**YOUR INSTRUCTIONS**
Please state how many lines of the records below contain the word "Black". Give the number and nothing else.

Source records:
• • • • • • •

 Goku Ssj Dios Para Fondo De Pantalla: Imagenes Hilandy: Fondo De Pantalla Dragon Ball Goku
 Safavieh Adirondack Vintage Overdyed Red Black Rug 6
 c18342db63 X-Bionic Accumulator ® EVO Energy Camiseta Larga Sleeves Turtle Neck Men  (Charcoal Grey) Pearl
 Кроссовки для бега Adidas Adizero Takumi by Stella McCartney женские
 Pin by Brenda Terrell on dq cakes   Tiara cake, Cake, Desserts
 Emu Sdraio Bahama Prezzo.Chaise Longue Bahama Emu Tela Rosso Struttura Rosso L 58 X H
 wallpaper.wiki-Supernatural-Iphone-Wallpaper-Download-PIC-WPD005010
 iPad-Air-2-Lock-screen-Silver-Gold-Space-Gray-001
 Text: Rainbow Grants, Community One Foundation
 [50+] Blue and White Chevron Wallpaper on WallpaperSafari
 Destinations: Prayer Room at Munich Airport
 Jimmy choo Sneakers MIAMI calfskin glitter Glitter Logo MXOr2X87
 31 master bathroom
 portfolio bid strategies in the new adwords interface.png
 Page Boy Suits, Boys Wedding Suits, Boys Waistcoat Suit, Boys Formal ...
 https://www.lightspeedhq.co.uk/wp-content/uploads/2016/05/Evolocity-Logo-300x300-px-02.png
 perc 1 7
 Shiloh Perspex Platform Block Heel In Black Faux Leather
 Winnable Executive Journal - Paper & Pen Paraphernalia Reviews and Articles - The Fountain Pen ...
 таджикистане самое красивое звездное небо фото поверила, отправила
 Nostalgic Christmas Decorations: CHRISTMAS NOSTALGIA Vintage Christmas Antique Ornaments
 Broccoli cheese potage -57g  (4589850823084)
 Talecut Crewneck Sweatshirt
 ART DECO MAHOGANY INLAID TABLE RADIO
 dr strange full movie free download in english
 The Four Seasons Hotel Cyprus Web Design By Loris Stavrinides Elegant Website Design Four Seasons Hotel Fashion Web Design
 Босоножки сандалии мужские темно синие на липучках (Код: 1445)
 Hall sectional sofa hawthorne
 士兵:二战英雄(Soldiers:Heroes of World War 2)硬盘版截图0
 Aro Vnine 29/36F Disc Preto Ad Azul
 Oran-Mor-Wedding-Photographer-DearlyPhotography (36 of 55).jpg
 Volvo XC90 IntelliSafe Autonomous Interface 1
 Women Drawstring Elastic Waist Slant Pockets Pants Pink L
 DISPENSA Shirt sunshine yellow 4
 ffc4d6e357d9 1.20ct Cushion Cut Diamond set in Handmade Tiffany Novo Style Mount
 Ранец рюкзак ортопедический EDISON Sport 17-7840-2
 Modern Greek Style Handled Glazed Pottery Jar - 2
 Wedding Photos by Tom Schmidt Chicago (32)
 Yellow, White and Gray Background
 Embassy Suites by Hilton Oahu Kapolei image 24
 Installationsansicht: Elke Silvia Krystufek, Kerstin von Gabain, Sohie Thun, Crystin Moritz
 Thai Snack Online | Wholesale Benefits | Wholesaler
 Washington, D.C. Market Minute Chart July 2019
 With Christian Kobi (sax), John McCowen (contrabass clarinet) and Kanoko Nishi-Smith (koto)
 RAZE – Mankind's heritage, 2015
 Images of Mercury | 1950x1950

• • • • • • •

**RESULT OF THIS EXERCISE**
2